To defeat the cycle of negative self-talk, you have to be mindful of what triggers your pessimism and how to distance yourself from anxiety-driven thoughts.

1. Identify what triggers you.

Pinpoint what experiences cause you to ruminate. Maybe it's meetings at work or large parties where you don't know anyone.

"Just notice where those patterns are, and what situations trigger you and you're going to start finding a theme," Ho says.

2. Question your thoughts.

Once you find out which scenarios inspire the most self-criticism you can start investigating if there is any merit to these thoughts.

"Know that thoughts are not the absolute truth," Ho says. "There's no way that you have tens of thousands of thoughts and that they're all true."

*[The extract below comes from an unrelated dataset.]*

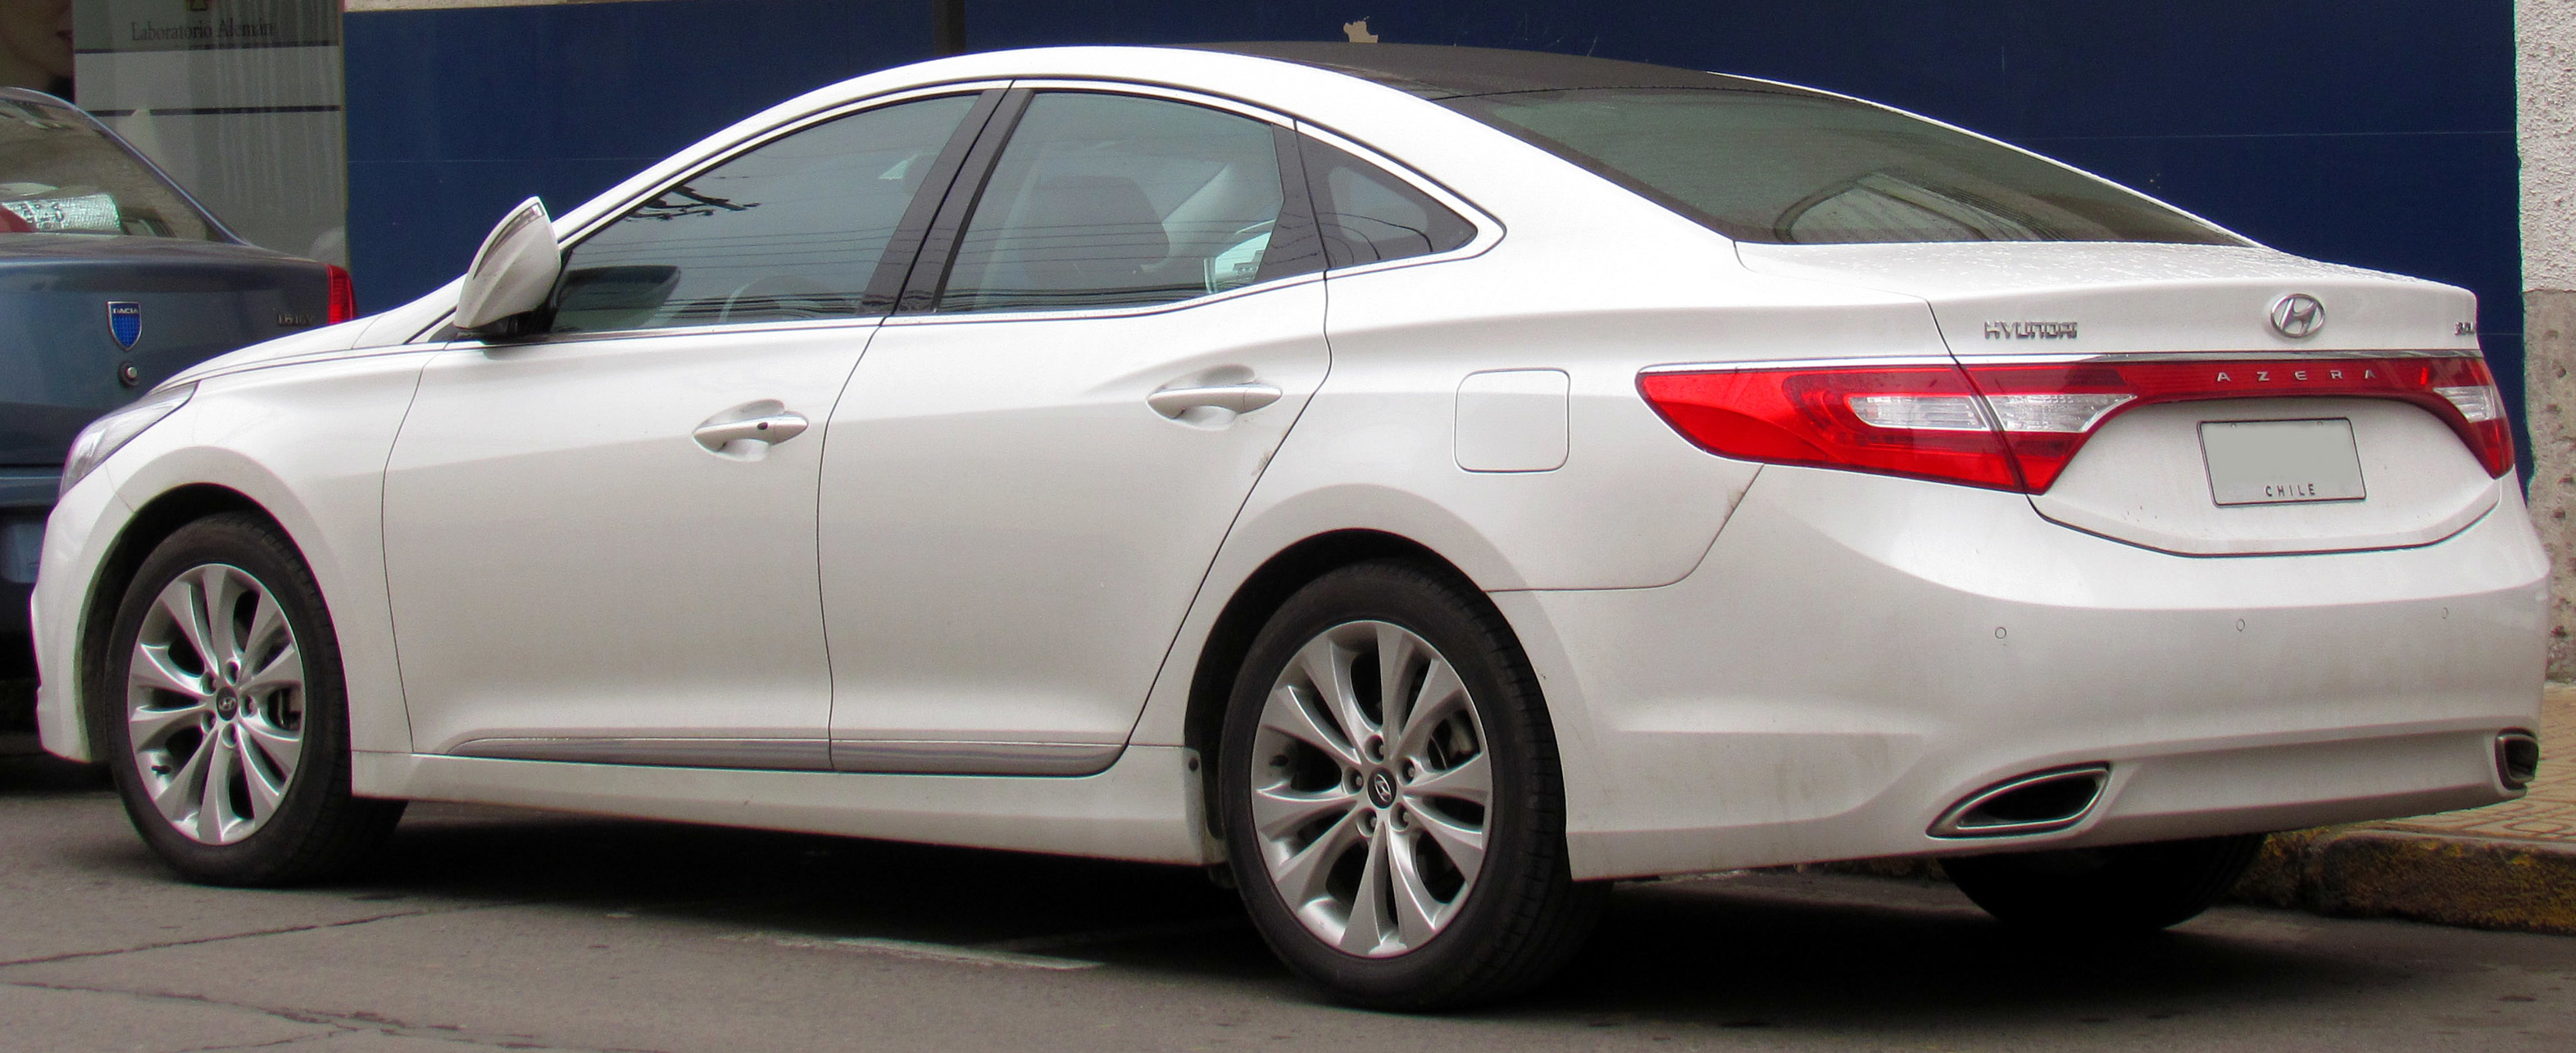 File:Hyundai Azera V6 GLS 2014 (rear).jpg - Wikimedia Commons

Ask yourself what evidence supports this thought, and what evidence contradicts it.

"Evidence isn't just more thoughts," Ho says. "Evidence is things that somebody else who was in the same room could actually observe."

Write down your findings in two columns and compare them. Oftentimes, Ho says, there is more evidence that your anxiety won't come to fruition than evidence that it will.

3. 'Yes ... but ... '

Practice a more balanced thought process. Ho offers the following formula:

"Yes I [insert something that is not going well], but I [insert something that is going well]."

Maybe you're worried about how much work you have to get done tomorrow and feel like you weren't as productive as you should have been today. Instead of replaying criticism of your work ethic in your head, tell yourself: "Yes, I didn't get as much done today as I'd like, but I did finish the top three items on my to-do list."

4. Label your feeling as a 'thought.'

"When we think something, our brains are naturally inclined to believe that it's automatically true," Ho says. "So whether we're imagining a catastrophic future, or going back to the past to a terrible memory, or maybe a mistake that we made, self-talk, essentially, takes us right to that moment in time, as if it's happening right in front of us."

Create some distance between you and your self-talk by labeling your thoughts as what they are: just thoughts.

"It changes the relation to the thought because you're basically saying, 'I'm just having the thought and it doesn't have to be true,'" Ho says. "It distances yourself from that thought instead of it automatically becoming part of your reality."

Being critical of the stories you tell yourself can help you end a cycle of negativity and focus on accomplishing your goals.